Closed wilk3ns closed 5 years ago
You can change tensorflow
to tensorflow-gpu
in this line and run pip install -e .
afterwards.
Related Issue: #1534
@taesiri Already tried, after that in just installs normal tensorflow, then training runs on cpu :(
How about this pip install --upgrade --ignore-installed tensorflow-gpu==1.7
?
I should also mention that the problem is not the ml-agents, but your python environment.
Never tried but problem seems related to mlagents-learn itself. It checks if certain versions of helper libraries are installed. The ones are only used by tensorflow, not tensorflow-gpu. Even after installing all that libraries manually at the end it will ask for normal tensorflow to be installed.

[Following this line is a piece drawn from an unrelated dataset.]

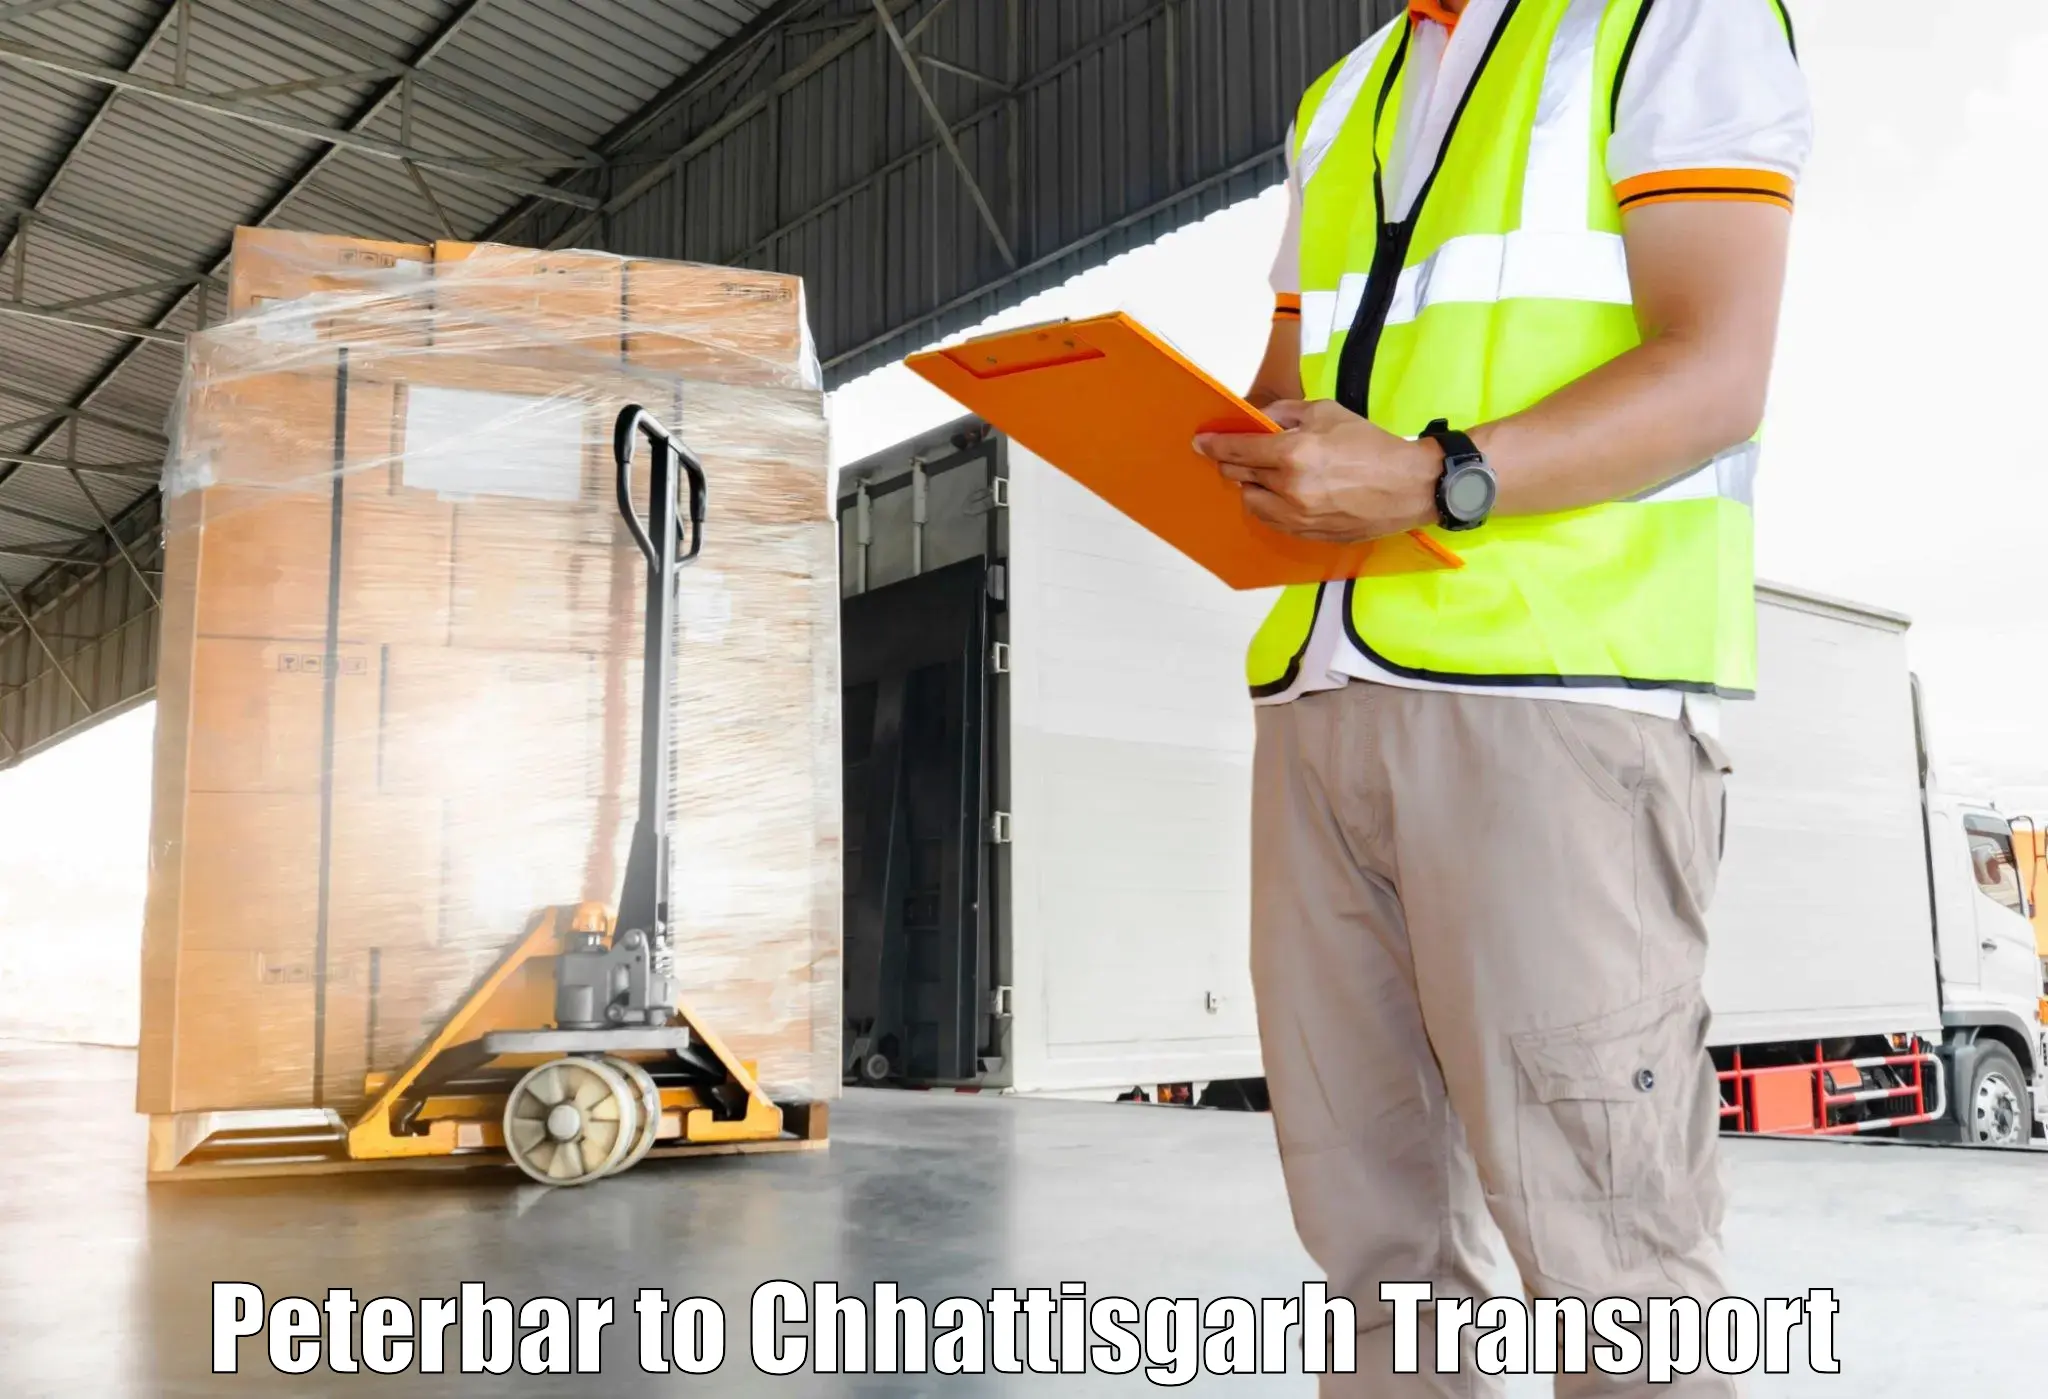 Furniture transport service Peterbar to Dongargarh

Could you please post some of the error/log messages you get?
emmm, I could train the agent on GPU by following the tutorial. I think maybe you missed some steps, could you use #pip list# to show your current libraries?

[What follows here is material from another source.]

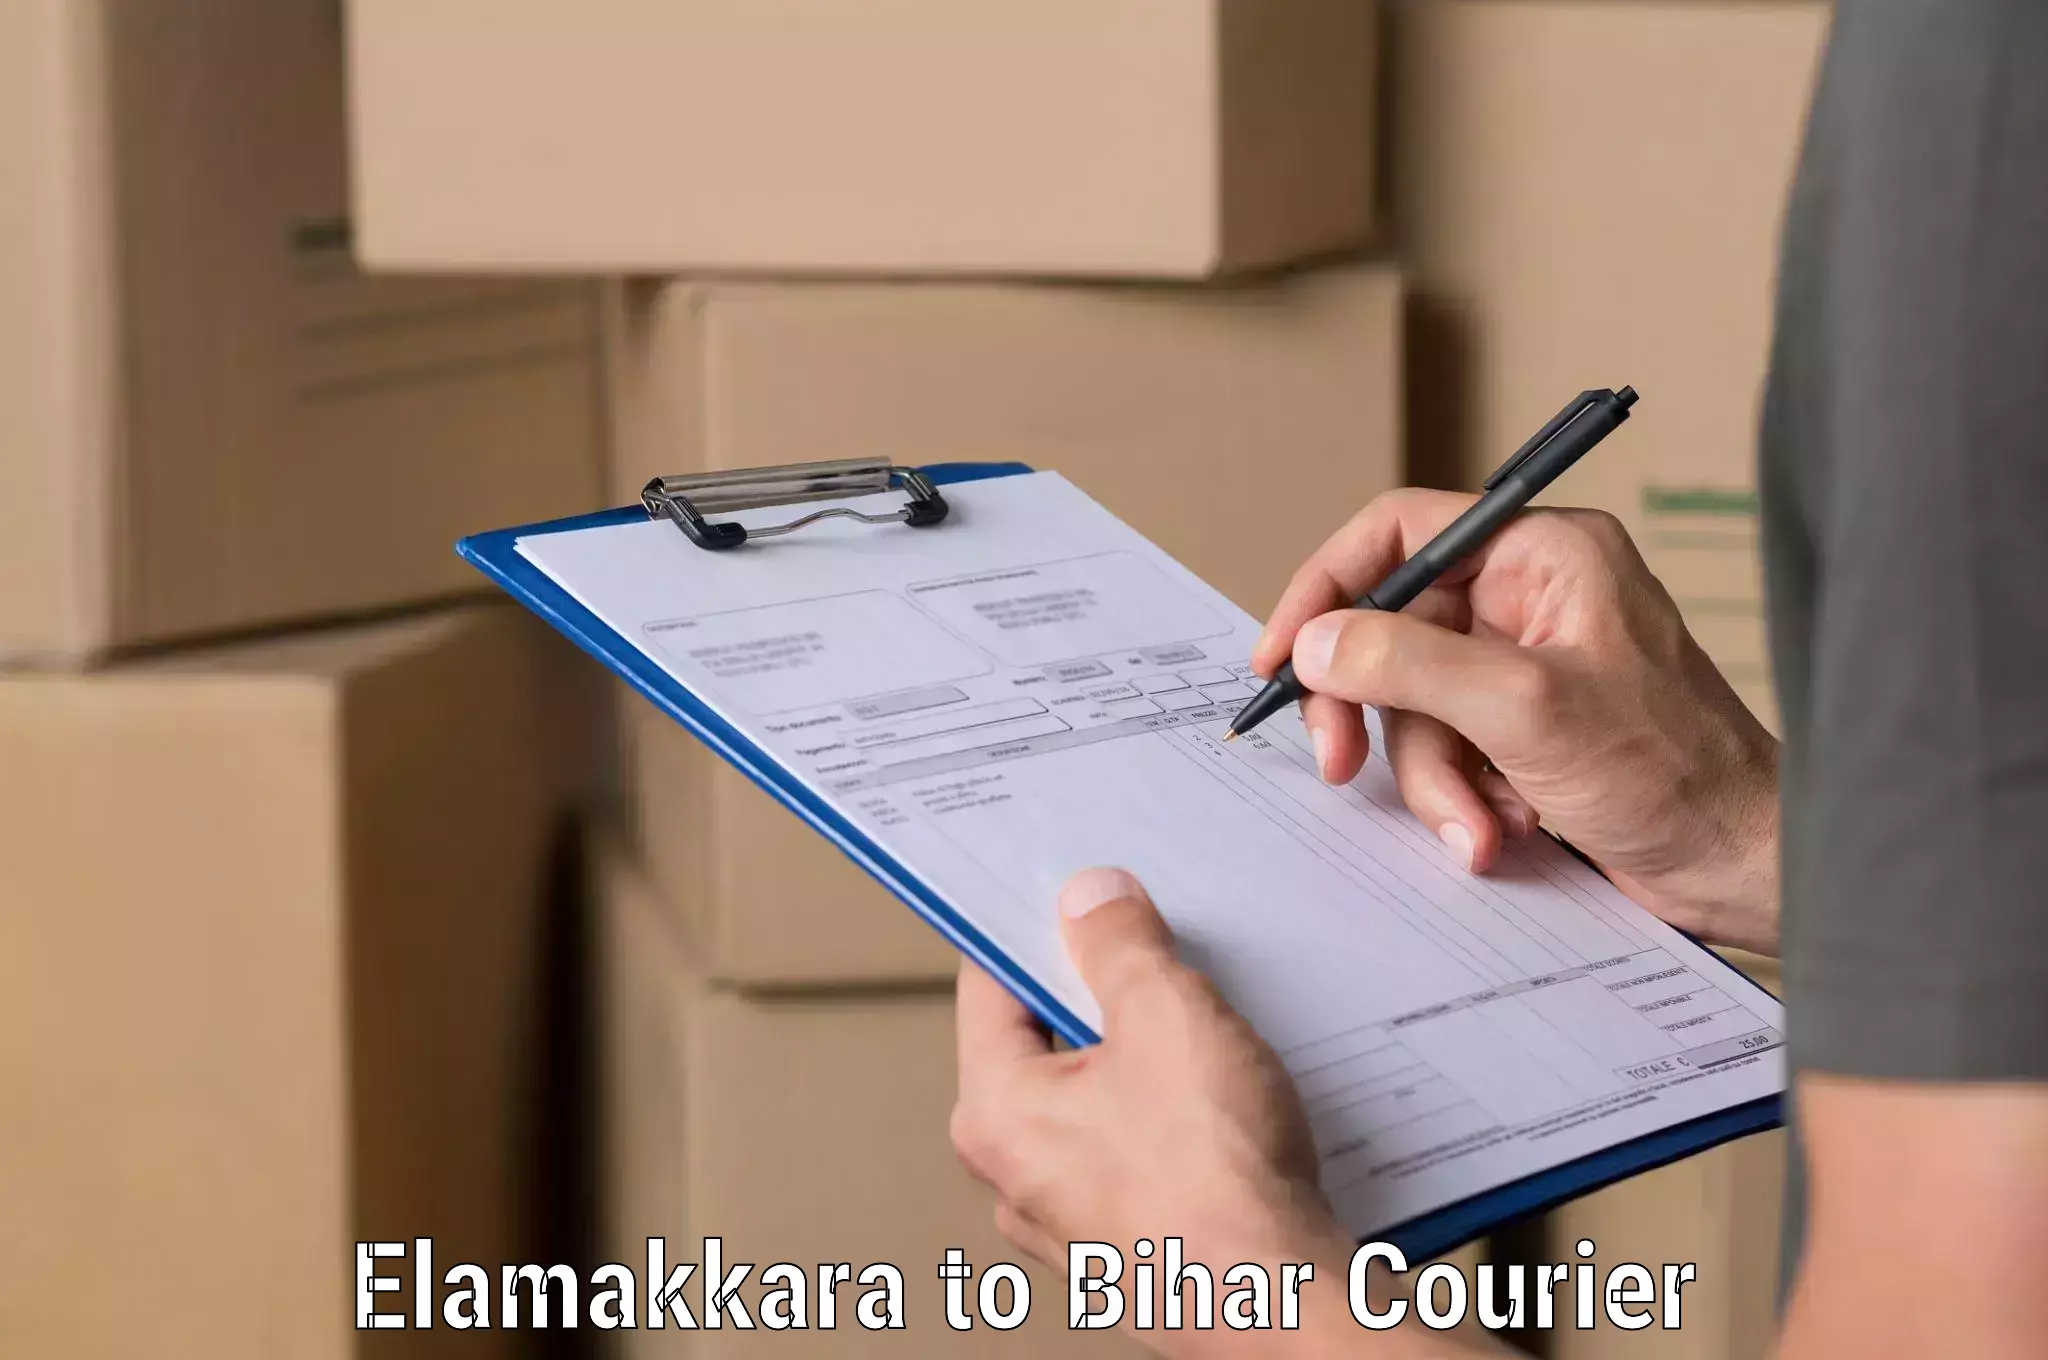 Air courier services Elamakkara to Sheohar

I've deleted and re-created environment then gave a fresh install. After installing tensorflow-gpu, it recognized my GPU:
`(ml-agents) D:\Unity Projects\ml-agents\ml-agents>python Python 3.6.8 |Anaconda, Inc.| (default, Dec 30 2018, 18:50:55) [MSC v.1915 64 bit (AMD64)] on win32 Type "help", "copyright", "credits" or "license" for more information.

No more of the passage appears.